The second bottleneck is the handling of the combinatorial explosion of information resulting from the use of large marker sets: The large and even increasing number of differentiable cell types requires the detection of a larger number of markers per cell for unambiguous cell identification and classification. Moreover, the experimental setup and the nature of the sample source have a significant influence on the composition, activation- and differentiation states of cells within the sample, thus increasing the complexity of the system even further. For this reason, the combination of high content cytometry methods with modern informatics tools such as ontologies for knowledge capture and structuring as well as for comparison of obtained data with other experiments and the published state of the art is mandatory. Ontologies are fundamental tools for knowledge management in a machine-comprehensible format.
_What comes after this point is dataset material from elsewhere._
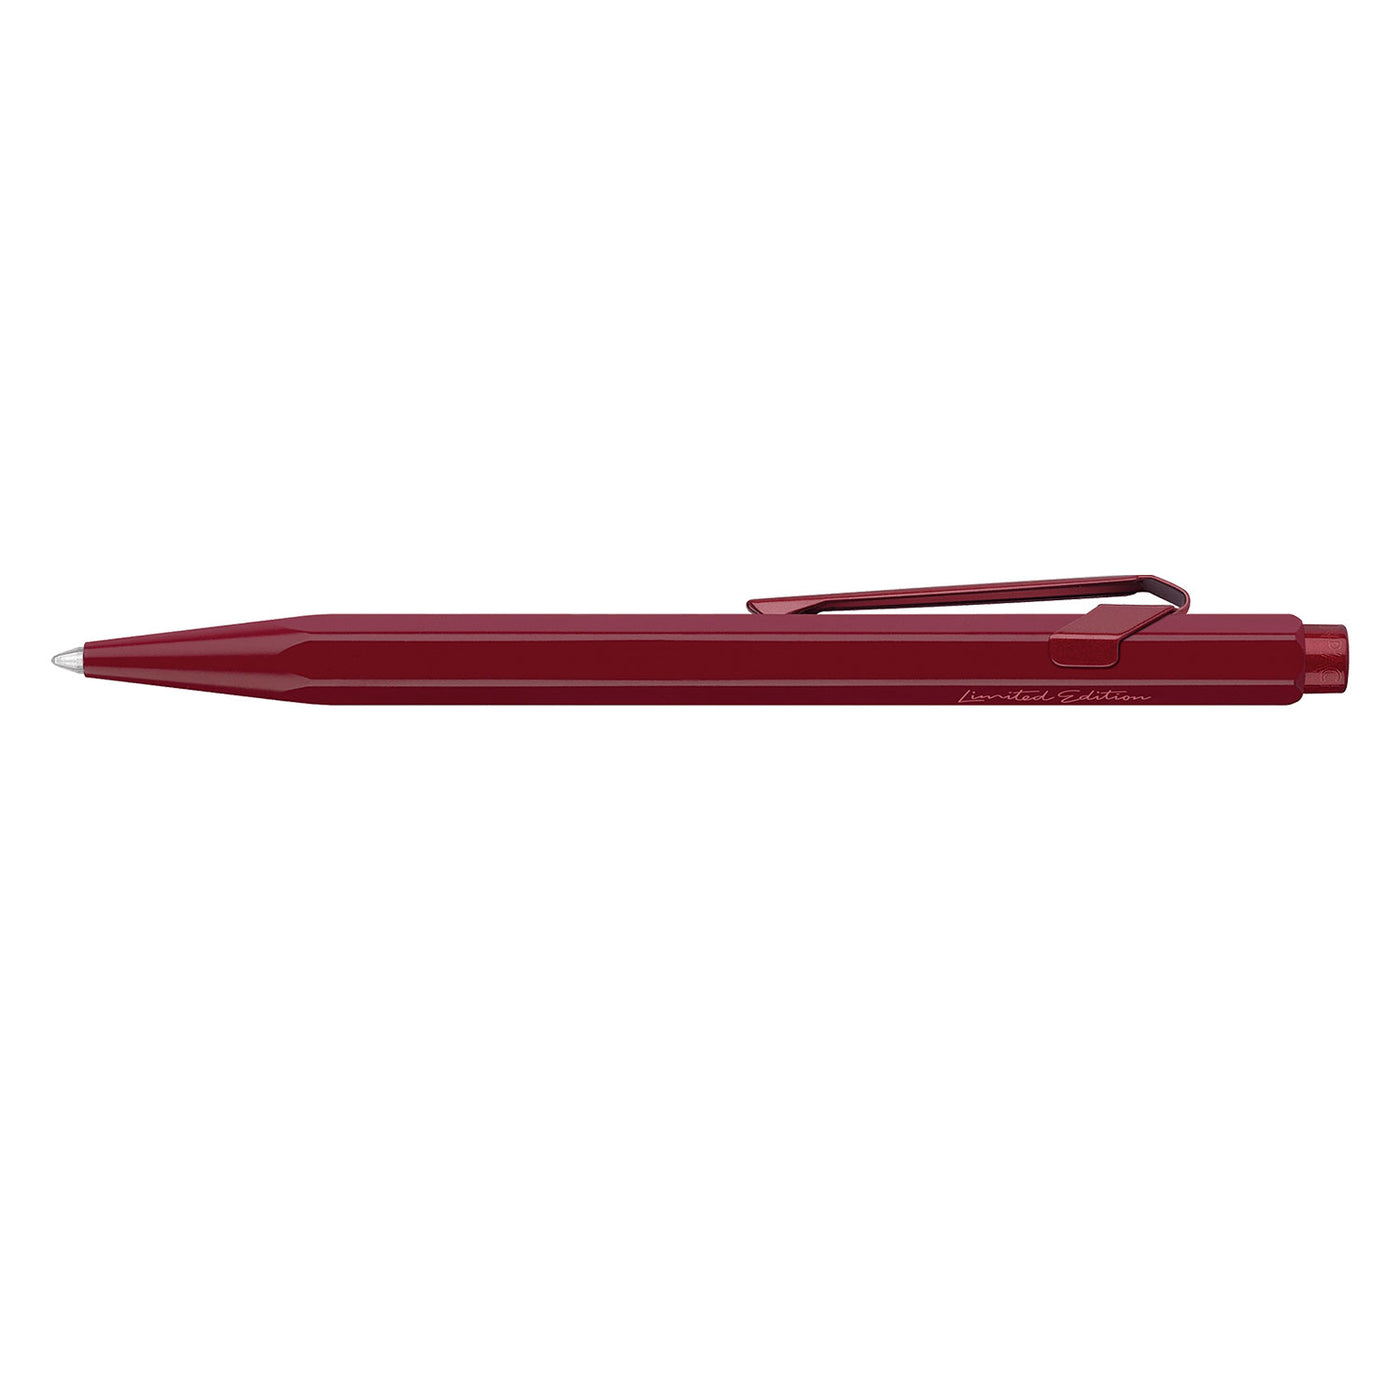 Caran d'Ache 849 Claim Your Style Ball Pen - Garnet Red (Limited Edition) 3

Although there is ongoing work directed toward extending existing ontologies like the gene ontology (12) for immunological work (19), currently no publicly available ontology exists, which, in our view, could be used or extended for our purposes. We have therefore developed a draft for the cytometry domain, which covers the concepts and workflows needed for the evaluation of our example experiments and models selected concepts such experimental protocols and cell definitions (Fig. 6). It is important to note that this workflow also represents a general model of the way in which cytometric information is communicated in immunological research papers and allows the extraction of knowledge from such papers and its storage in a unified format. Our initial experiences with using this ontology approach suggest that a cytometry ontology is a valuable extension of cellular analysis methods that produce high content cytometry information.
Taken together, the new platform method for cytometry presented here combines the advantages of simple sample preparation and immobilization of cells, using even minute amounts of sample, detectability of an unlimited set of surface and intracellular markers, and low cell activating properties of the surface enabling functional assays for an explorative, less hypothesis-driven approach for cytometric analysis.
We believe that explorative cytometry by combination of iCBC with appropriate informatics tools is very useful for further unrevealing the complexity of our immune system. Besides the presented examples, future applications of this technology are phenotyping procedures and especially functional studies in immunological research, oncology, pathology, pharmacology, and hematology. Therefore, chip-based cytometry approaches could become valuable tools for achieving the goals of a human cytome project and systems biology (20).